Jesus Christ came to earth and took on flesh. He is the only one who in the flesh lived a perfect life of worship. He lived a life of perfect obedience, trust, and love towards the Father in heaven. He lived the life that is required to have a relationship with God. However, He willingly went to the Cross and laid down His life. He took God’s wrath for the rebellious, sinful, addicts He came to save. Because of this good news, we can know and rightly worship the One we were created for. It is this message of love and forgiveness that can change our hearts from rebellion and addiction to hearts that trust and worship God. Worshiping God and loving one another is what we were created for. That is freedom. Outside of the Gospel, we are slaves and addicts. But in Christ, we are children of the Living God.
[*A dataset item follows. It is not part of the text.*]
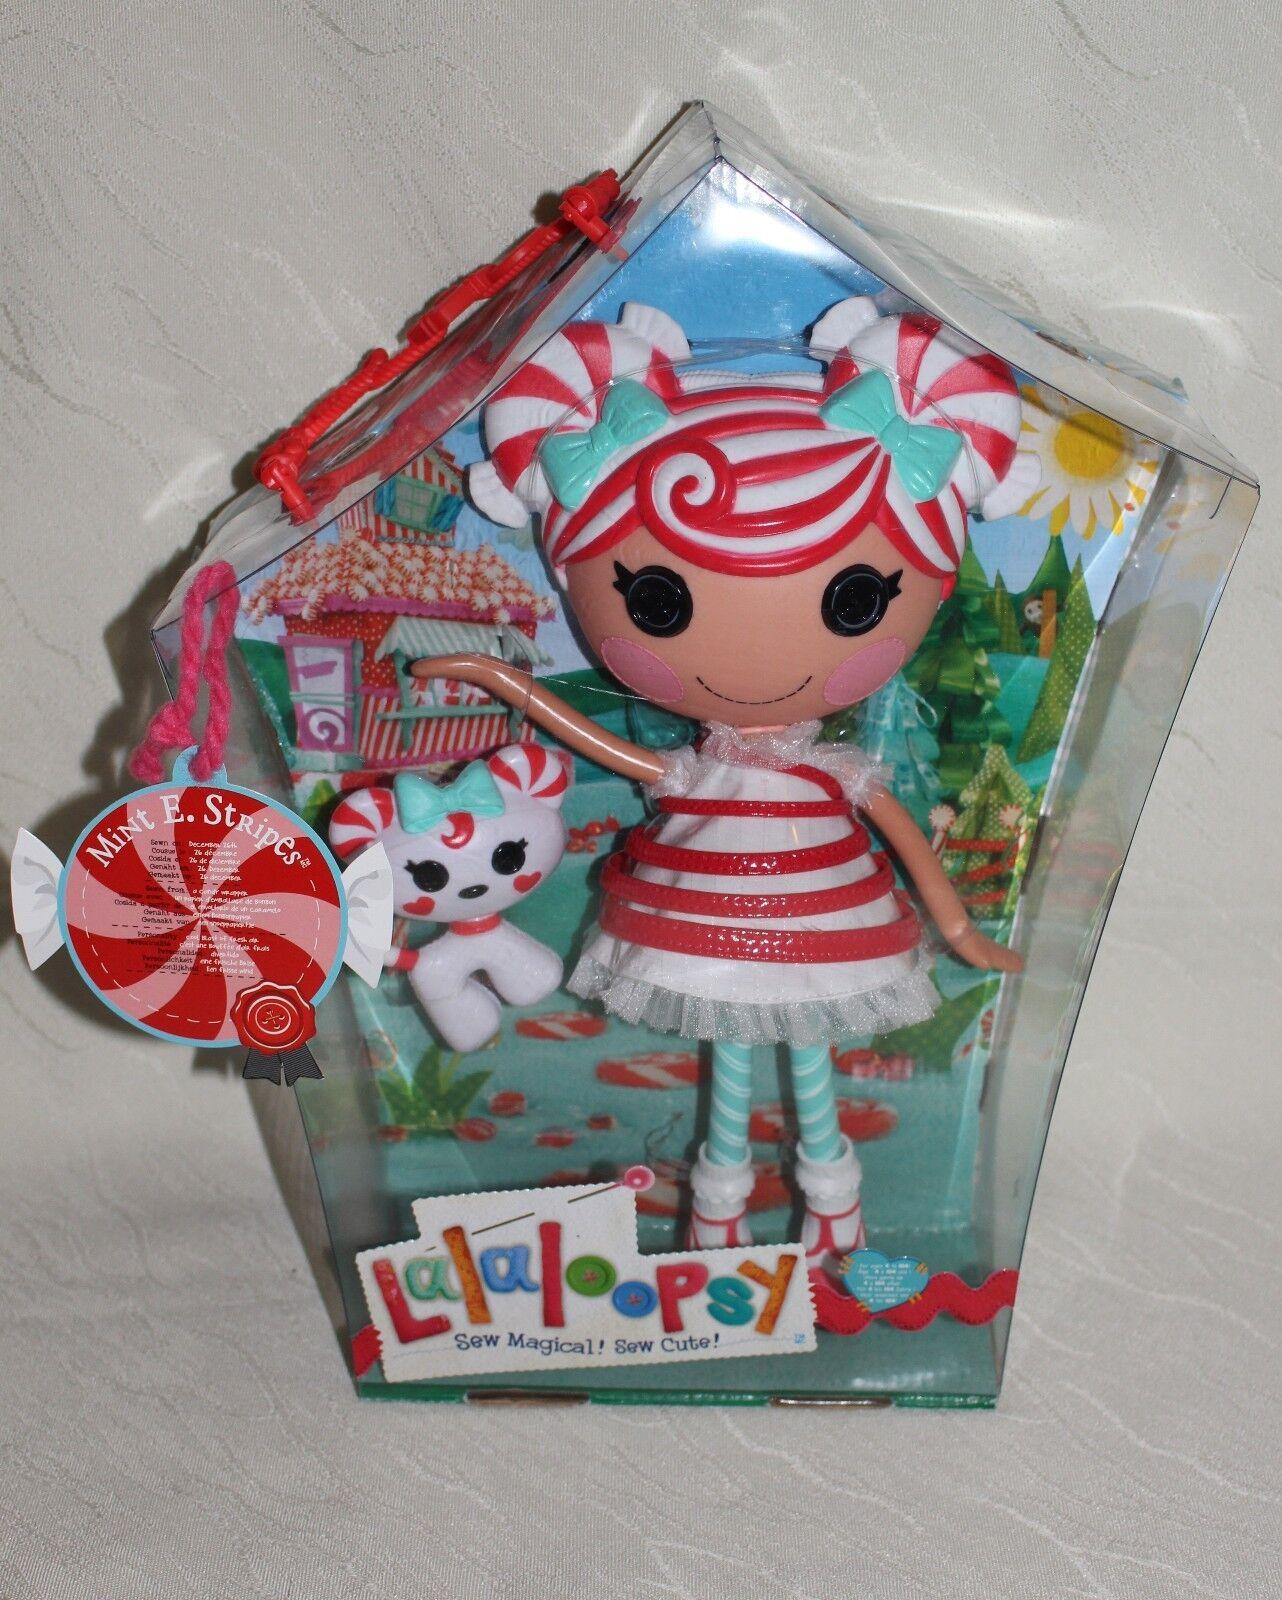 Lalaloopsy Nuovo di zecca E. Stripes Full Size Large RARA BAMBOLA Nuovo di Zecca Lollipop SCATOLA Nuovo di zecca con scatola

Only the Gospel of Jesus Christ can ultimately change our hearts and break the cycle of addiction and false worship in our lives. It is looking to Christ that brings true forgiveness, freedom, and change. This is the power that brings life. To the Christian, Paul says, “Now that you have been set free from sin and have become slaves of God, the fruit you get leads to sanctification and its end, eternal life.” Worshiping anything other than the Triune God (Father, Son, and Holy Spirit) will lead to destruction. However, confessing to God the things you have wrongly looked to, accepting by faith His forgiveness, and worshiping Him brings freedom and life. This is the Good News. Grace through Jesus Christ is our only hope and power to transform our hearts that become addicted to “created things.”
 Ed Welch, Addictions: A Banquet in the Grave, 35.